TASK DESCRIPTION:
Word for word, set down every line of the entries below from the line with "Aung Crown gray-black" to the line with "Structure of Graafian follicle", including both, and no other line.

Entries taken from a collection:
──────────────────────────────
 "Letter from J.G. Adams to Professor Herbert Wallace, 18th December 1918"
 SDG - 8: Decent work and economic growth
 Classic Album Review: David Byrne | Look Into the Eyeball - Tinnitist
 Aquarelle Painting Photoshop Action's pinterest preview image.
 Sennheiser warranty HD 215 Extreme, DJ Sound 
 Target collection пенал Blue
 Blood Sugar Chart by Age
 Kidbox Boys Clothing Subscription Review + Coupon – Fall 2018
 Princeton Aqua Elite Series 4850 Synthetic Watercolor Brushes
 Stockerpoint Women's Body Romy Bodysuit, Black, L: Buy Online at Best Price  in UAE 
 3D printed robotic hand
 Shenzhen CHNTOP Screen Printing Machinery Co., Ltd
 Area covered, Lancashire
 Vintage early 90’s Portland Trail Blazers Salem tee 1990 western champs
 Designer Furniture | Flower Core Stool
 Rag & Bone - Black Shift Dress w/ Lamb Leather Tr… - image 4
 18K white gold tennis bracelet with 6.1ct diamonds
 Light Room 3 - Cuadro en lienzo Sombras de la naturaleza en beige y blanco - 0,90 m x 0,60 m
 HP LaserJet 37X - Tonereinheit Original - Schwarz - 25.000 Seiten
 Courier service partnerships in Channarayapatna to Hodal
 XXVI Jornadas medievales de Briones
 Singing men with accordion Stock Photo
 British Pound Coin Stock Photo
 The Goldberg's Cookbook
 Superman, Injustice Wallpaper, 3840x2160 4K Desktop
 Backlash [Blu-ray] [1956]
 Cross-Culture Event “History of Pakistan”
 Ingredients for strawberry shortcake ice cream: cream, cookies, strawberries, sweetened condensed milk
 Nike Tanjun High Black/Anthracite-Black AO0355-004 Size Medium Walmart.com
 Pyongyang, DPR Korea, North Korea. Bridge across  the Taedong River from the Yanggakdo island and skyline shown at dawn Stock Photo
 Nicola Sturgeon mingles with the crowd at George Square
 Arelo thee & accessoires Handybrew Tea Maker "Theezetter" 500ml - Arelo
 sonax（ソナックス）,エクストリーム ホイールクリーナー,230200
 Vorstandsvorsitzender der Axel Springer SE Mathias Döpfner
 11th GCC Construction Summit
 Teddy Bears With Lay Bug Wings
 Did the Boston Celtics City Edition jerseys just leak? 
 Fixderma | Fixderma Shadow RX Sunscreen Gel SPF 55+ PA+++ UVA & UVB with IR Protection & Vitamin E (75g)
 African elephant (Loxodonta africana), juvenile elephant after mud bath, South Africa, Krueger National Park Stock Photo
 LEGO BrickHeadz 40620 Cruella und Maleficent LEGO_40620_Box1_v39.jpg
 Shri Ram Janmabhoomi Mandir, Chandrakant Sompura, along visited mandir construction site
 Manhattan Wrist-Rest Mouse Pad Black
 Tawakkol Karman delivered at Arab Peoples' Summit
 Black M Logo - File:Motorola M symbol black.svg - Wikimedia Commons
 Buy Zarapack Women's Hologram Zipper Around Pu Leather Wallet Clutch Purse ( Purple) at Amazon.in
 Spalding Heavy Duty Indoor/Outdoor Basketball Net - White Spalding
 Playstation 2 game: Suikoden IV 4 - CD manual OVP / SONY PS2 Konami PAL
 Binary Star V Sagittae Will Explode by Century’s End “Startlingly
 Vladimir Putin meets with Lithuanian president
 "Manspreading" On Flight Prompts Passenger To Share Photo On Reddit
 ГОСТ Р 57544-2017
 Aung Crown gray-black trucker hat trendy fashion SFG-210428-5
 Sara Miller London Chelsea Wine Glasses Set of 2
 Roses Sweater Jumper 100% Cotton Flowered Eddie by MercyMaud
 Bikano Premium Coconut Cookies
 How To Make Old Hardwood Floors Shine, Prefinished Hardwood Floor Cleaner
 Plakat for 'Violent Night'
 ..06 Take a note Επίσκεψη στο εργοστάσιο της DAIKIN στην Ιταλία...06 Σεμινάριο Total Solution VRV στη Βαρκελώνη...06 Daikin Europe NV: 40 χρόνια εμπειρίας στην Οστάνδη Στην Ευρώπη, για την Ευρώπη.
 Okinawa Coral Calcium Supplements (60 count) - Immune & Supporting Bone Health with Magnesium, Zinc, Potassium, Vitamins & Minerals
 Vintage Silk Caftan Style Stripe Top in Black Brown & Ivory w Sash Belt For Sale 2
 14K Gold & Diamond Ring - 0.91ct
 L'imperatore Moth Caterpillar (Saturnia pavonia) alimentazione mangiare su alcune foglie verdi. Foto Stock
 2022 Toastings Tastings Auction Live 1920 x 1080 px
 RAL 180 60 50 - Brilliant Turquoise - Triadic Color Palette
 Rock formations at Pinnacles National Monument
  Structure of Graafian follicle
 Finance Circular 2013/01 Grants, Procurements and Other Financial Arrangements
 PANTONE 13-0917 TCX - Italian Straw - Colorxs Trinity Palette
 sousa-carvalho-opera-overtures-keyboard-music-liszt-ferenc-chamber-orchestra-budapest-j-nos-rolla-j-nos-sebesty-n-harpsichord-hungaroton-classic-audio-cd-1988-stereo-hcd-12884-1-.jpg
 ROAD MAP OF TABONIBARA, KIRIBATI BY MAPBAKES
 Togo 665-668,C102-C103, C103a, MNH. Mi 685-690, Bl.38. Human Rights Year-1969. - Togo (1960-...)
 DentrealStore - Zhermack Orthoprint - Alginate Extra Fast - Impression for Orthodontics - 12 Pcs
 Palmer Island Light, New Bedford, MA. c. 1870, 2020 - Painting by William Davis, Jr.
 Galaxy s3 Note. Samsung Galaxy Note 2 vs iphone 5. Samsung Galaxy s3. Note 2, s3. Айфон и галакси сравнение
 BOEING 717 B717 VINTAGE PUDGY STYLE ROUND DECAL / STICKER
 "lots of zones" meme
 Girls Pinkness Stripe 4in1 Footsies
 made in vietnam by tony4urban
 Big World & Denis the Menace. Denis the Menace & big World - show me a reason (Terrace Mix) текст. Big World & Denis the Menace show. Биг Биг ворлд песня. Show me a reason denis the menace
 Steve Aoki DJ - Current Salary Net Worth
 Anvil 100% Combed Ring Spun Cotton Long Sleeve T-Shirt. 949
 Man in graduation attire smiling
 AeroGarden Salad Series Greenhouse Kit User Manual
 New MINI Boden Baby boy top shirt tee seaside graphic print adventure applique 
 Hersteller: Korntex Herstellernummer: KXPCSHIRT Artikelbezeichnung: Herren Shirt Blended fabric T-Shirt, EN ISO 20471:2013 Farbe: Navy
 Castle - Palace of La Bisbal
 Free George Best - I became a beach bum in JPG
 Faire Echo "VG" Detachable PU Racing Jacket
──────────────────────────────
WRITTEN SOLUTION:
 Aung Crown gray-black trucker hat trendy fashion SFG-210428-5
 Sara Miller London Chelsea Wine Glasses Set of 2
 Roses Sweater Jumper 100% Cotton Flowered Eddie by MercyMaud
 Bikano Premium Coconut Cookies
 How To Make Old Hardwood Floors Shine, Prefinished Hardwood Floor Cleaner
 Plakat for 'Violent Night'
 ..06 Take a note Επίσκεψη στο εργοστάσιο της DAIKIN στην Ιταλία...06 Σεμινάριο Total Solution VRV στη Βαρκελώνη...06 Daikin Europe NV: 40 χρόνια εμπειρίας στην Οστάνδη Στην Ευρώπη, για την Ευρώπη.
 Okinawa Coral Calcium Supplements (60 count) - Immune & Supporting Bone Health with Magnesium, Zinc, Potassium, Vitamins & Minerals
 Vintage Silk Caftan Style Stripe Top in Black Brown & Ivory w Sash Belt For Sale 2
 14K Gold & Diamond Ring - 0.91ct
 L'imperatore Moth Caterpillar (Saturnia pavonia) alimentazione mangiare su alcune foglie verdi. Foto Stock
 2022 Toastings Tastings Auction Live 1920 x 1080 px
 RAL 180 60 50 - Brilliant Turquoise - Triadic Color Palette
 Rock formations at Pinnacles National Monument
  Structure of Graafian follicle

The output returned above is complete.